**Recorded data**
____
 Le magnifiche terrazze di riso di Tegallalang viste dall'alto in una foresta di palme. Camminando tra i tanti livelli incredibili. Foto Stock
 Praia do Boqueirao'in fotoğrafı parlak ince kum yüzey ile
____
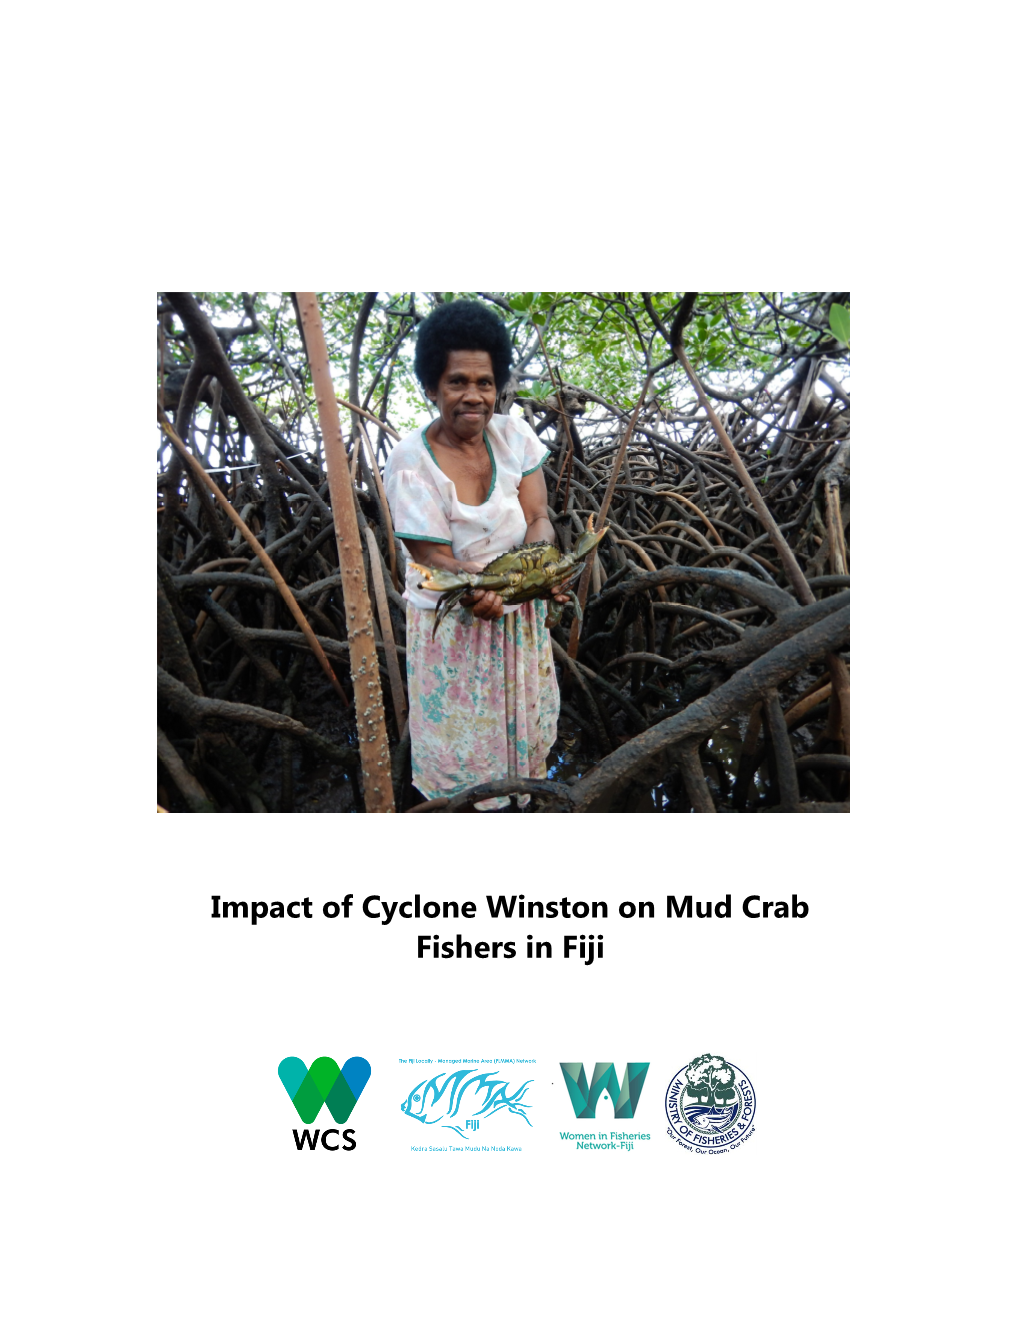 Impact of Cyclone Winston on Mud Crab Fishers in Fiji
____
**Task goal**
Your task is to transcribe, with no changes, only the lines of the listing above that lie between the line holding "Le magnifiche terrazze" and the line holding "Praia do Boqueirao'in", inclusive.

**Answer space**
 Le magnifiche terrazze di riso di Tegallalang viste dall'alto in una foresta di palme. Camminando tra i tanti livelli incredibili. Foto Stock
 Praia do Boqueirao'in fotoğrafı parlak ince kum yüzey ile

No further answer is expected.